EXERCISE REQUIREMENTS
Reproduce the whole listing exactly, omitting any picture it holds.

COLLECTED MATERIAL
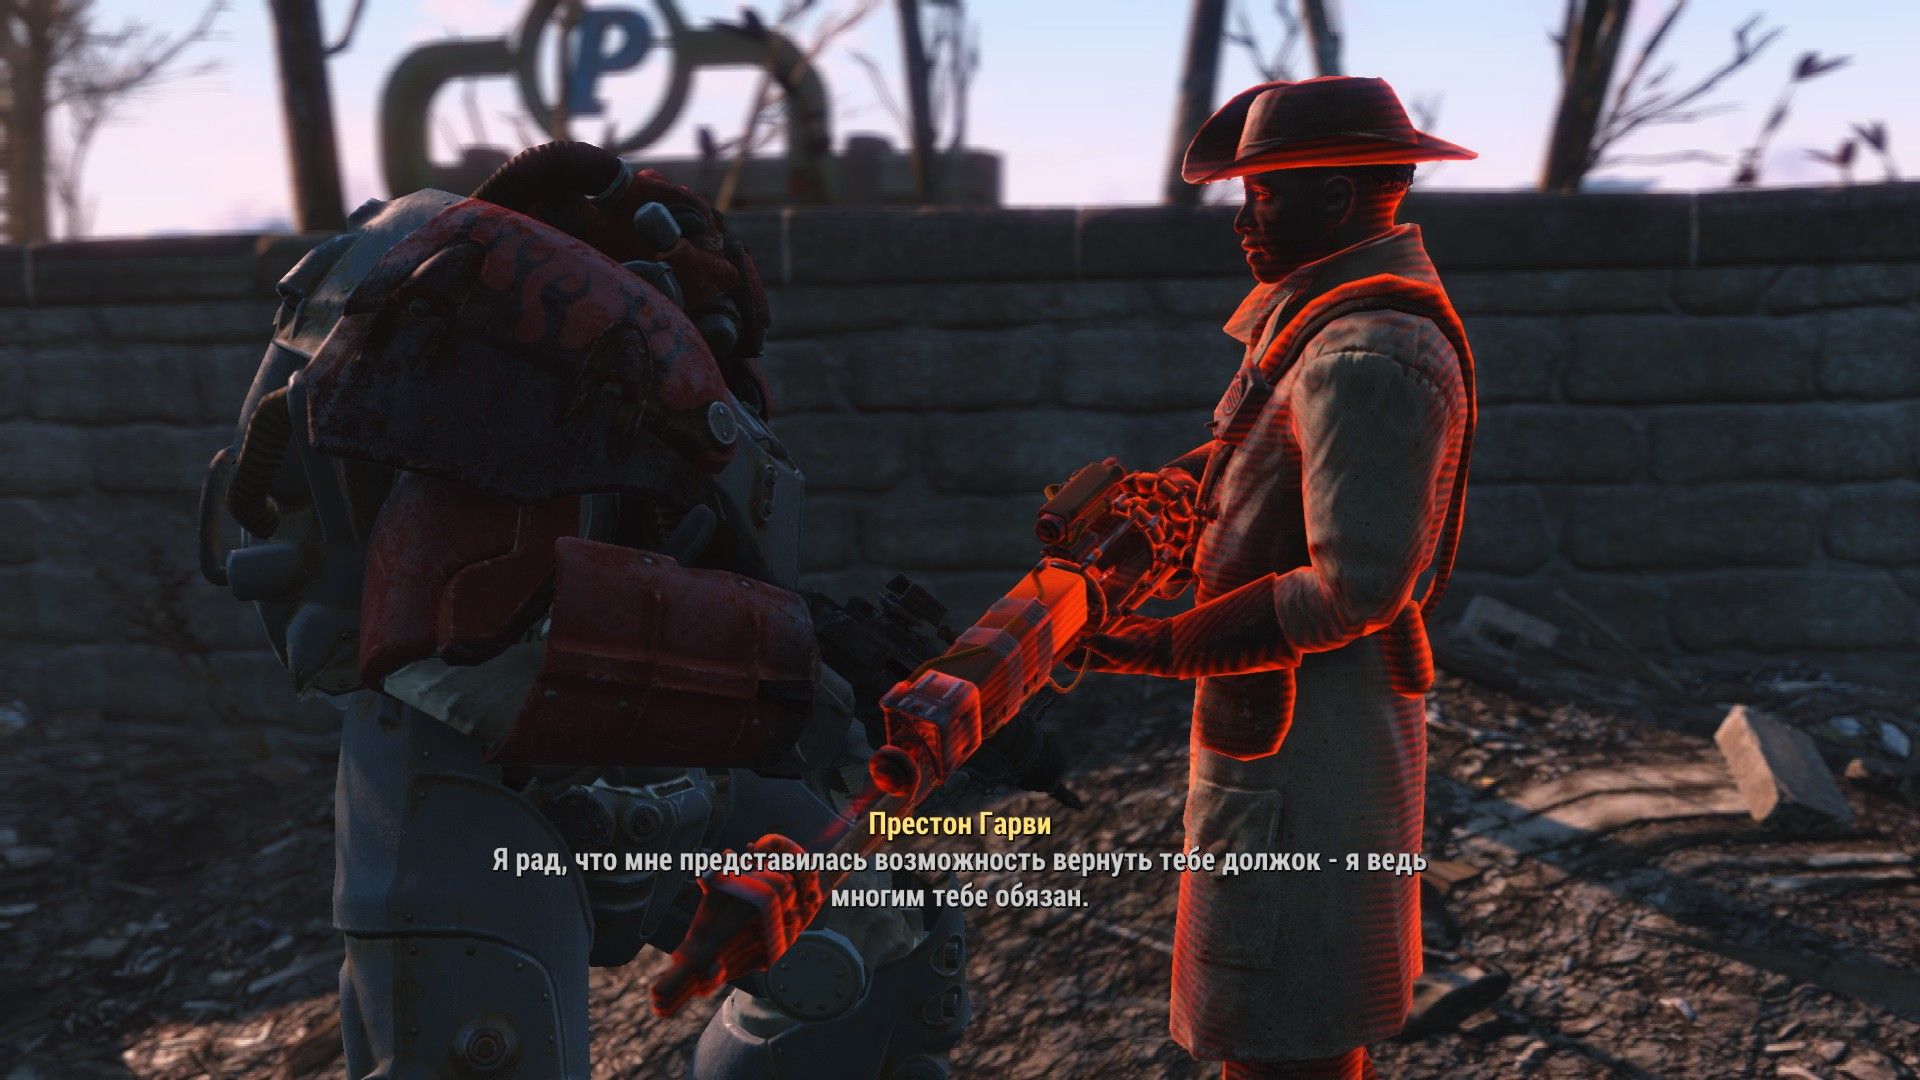 Fallout 4 престон гарви нет диалога фото 67
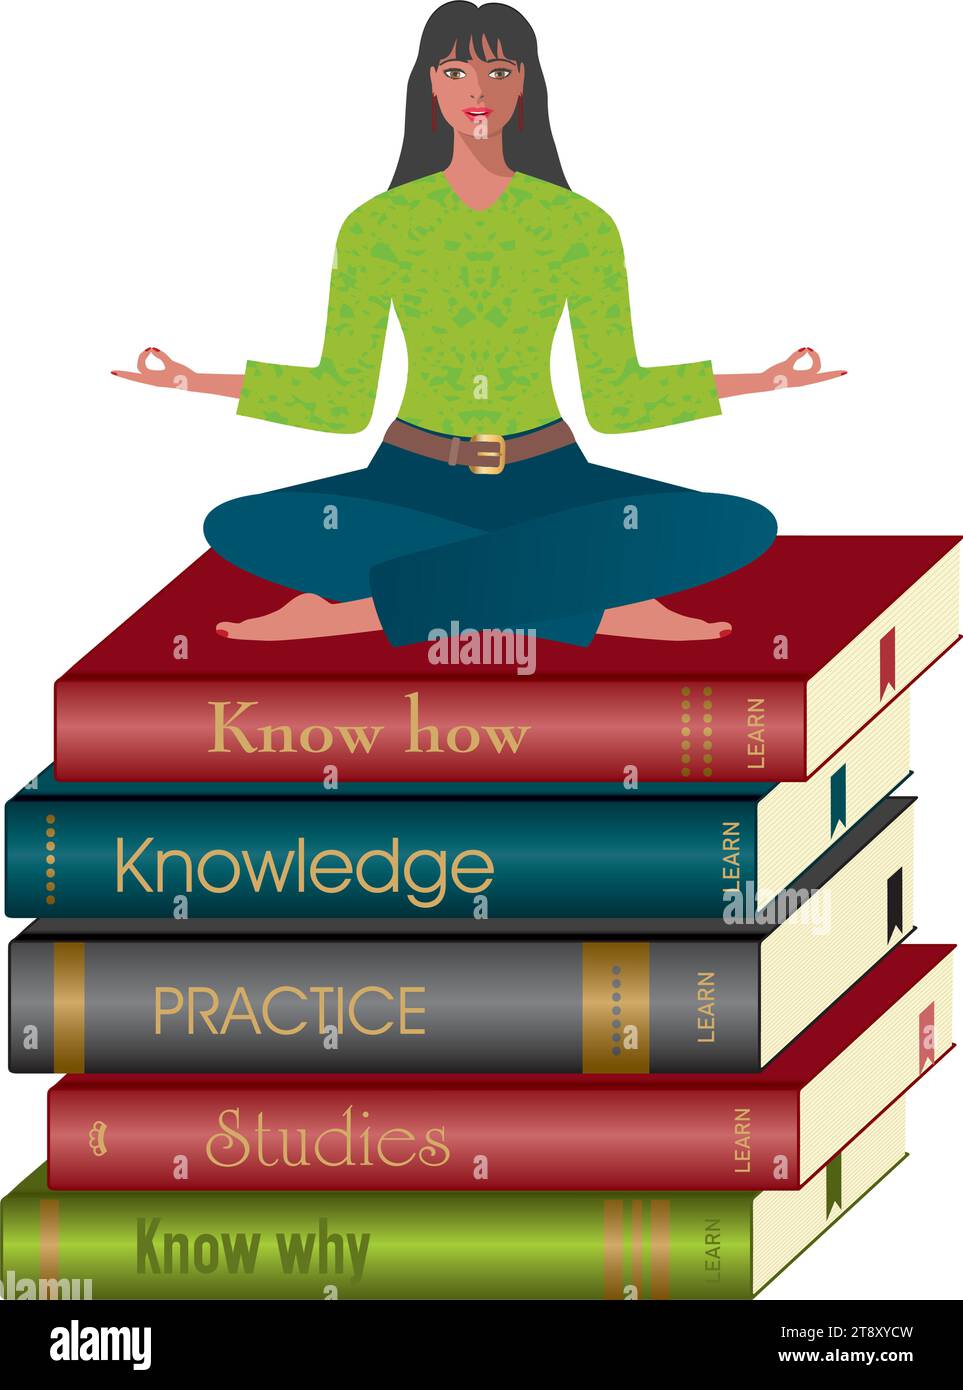 Femme en position yoga assise sur une pile de livres. Isolé. Illustration vectorielle. Illustration de Vecteur
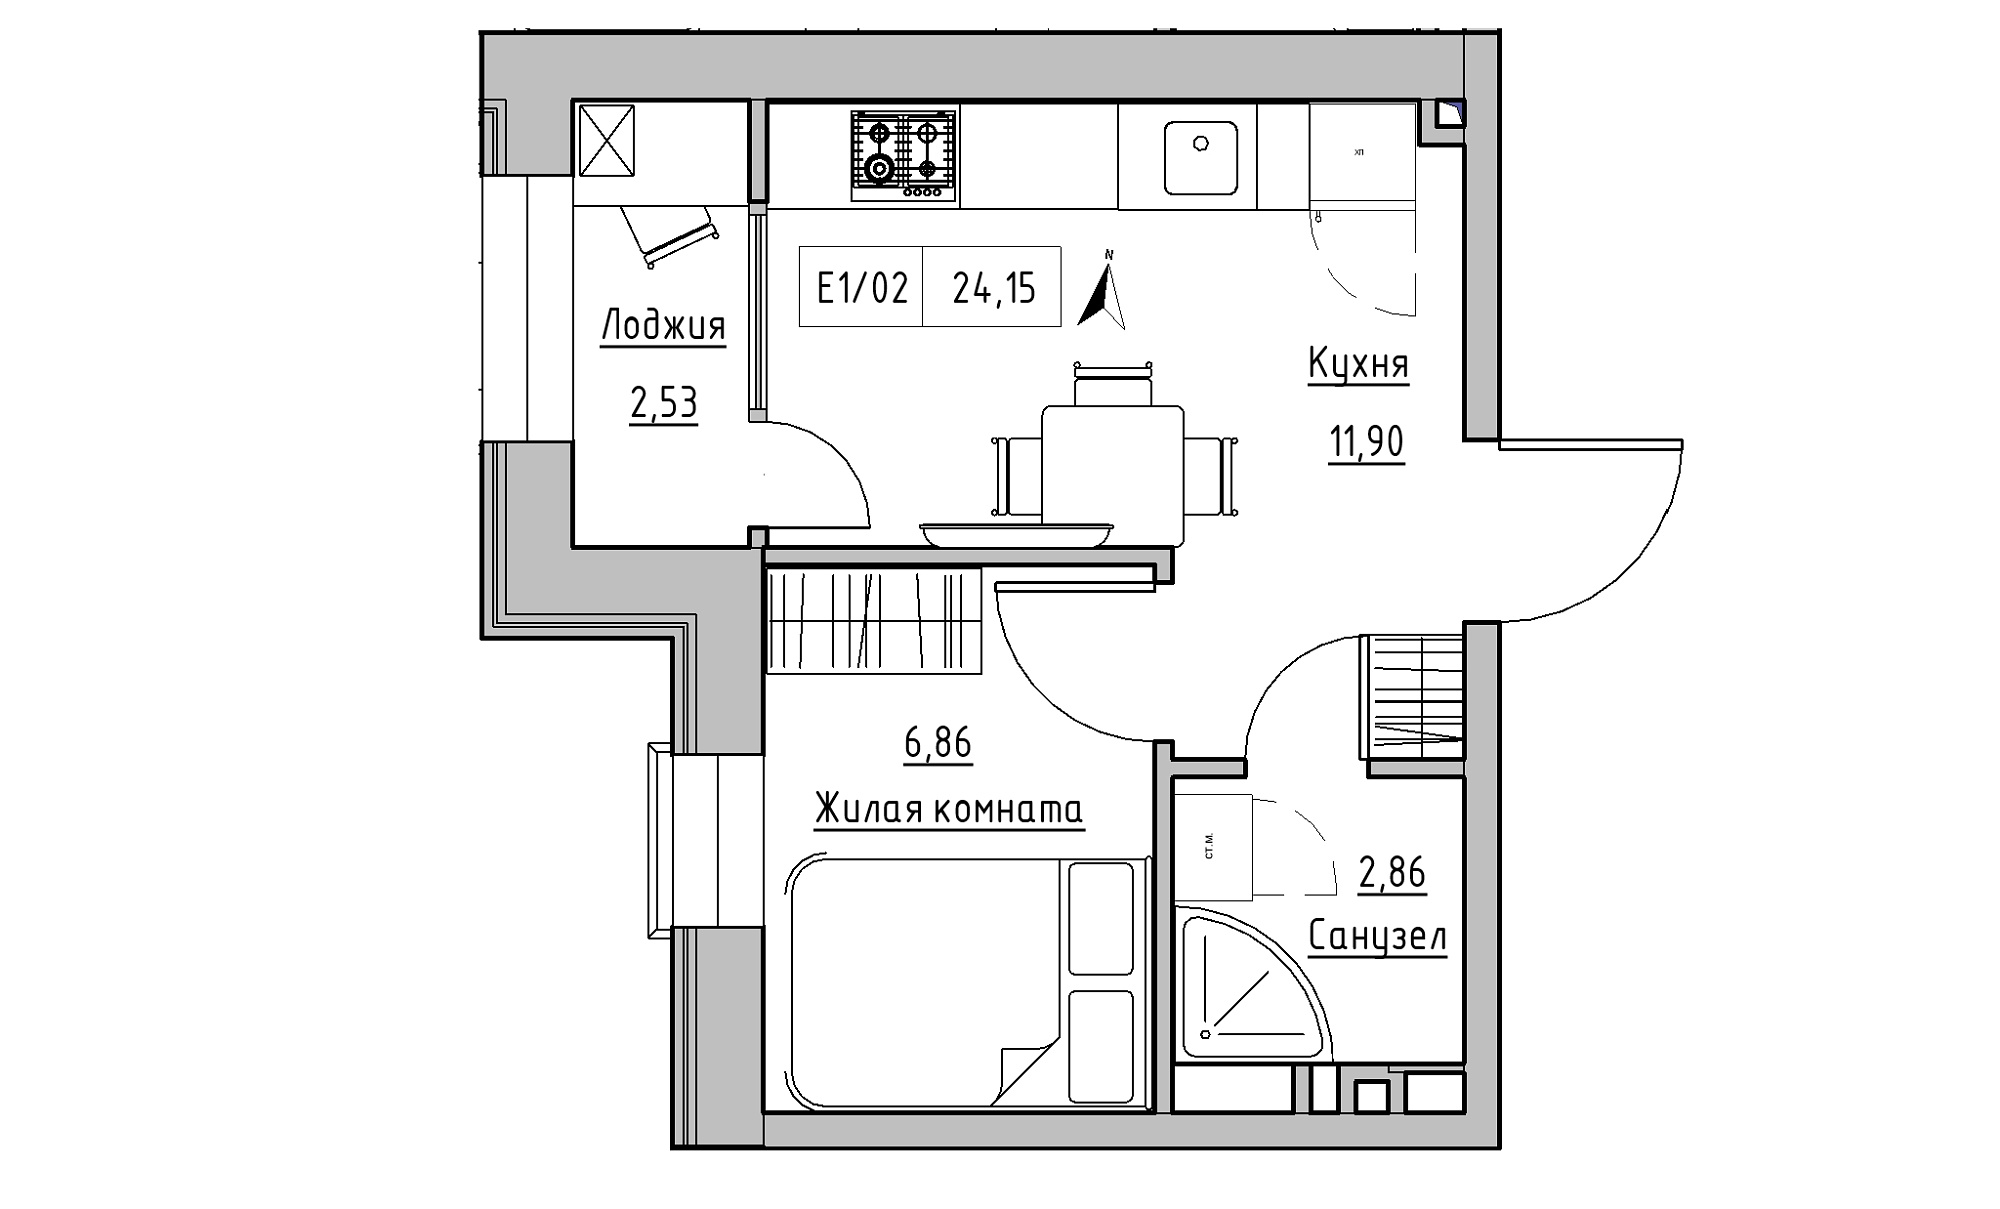 Планування 1-к квартира площею 24.15м2, KS-015-03/0001.

THE ANSWER
 Fallout 4 престон гарви нет диалога фото 67
 Femme en position yoga assise sur une pile de livres. Isolé. Illustration vectorielle. Illustration de Vecteur
 Планування 1-к квартира площею 24.15м2, KS-015-03/0001.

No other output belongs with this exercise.